What is expected: For this exercise, report every line of the material that includes "Black".

□ □ □ □ □

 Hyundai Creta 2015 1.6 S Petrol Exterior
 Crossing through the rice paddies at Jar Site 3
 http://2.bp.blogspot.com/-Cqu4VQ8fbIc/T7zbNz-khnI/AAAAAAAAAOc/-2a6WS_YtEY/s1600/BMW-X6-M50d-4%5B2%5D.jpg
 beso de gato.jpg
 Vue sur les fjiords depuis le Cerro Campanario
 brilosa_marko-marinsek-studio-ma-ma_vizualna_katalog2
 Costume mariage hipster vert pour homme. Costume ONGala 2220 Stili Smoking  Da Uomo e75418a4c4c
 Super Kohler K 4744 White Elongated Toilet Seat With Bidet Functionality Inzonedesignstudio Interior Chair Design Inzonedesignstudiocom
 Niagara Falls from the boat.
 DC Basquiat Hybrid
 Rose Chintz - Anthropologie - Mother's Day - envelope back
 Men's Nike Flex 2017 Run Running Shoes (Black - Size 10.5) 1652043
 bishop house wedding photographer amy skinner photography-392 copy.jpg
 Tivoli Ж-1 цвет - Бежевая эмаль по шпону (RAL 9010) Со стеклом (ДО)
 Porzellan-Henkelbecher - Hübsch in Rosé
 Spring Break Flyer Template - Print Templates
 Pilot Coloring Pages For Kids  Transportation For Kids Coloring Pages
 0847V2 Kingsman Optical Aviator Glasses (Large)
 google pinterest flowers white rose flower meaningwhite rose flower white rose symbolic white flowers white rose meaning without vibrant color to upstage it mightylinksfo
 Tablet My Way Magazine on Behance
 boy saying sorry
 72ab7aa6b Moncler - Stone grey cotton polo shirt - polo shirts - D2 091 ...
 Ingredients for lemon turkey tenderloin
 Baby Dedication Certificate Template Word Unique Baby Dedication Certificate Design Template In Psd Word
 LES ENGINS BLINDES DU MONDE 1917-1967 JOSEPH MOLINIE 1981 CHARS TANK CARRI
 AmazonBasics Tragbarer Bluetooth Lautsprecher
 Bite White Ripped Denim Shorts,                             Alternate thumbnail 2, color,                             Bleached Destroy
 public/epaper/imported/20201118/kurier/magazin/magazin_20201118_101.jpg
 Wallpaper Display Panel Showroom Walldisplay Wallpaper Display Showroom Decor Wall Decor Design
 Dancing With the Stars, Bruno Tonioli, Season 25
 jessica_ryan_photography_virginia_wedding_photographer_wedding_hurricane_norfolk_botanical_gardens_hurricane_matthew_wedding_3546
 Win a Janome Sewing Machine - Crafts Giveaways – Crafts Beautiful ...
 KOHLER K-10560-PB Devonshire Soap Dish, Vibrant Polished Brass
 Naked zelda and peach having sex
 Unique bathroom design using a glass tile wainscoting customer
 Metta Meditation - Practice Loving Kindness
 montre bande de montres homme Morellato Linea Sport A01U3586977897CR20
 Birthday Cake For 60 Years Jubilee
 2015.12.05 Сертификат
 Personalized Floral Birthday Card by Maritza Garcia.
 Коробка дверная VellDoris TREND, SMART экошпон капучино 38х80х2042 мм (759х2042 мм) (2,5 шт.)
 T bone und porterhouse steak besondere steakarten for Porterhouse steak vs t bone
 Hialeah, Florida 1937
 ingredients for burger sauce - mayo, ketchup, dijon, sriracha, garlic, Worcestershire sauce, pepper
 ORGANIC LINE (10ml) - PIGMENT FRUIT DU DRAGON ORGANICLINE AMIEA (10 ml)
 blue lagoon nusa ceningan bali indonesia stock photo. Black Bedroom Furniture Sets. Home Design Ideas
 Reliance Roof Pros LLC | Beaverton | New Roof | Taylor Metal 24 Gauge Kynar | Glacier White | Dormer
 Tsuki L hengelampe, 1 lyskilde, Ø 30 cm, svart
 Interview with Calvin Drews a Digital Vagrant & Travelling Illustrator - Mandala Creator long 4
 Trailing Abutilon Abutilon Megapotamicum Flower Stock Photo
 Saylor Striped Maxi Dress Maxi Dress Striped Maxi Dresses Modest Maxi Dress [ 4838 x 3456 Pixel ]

□ □ □ □ □

Task response:
 Men's Nike Flex 2017 Run Running Shoes (Black - Size 10.5) 1652043
 blue lagoon nusa ceningan bali indonesia stock photo. Black Bedroom Furniture Sets. Home Design Ideas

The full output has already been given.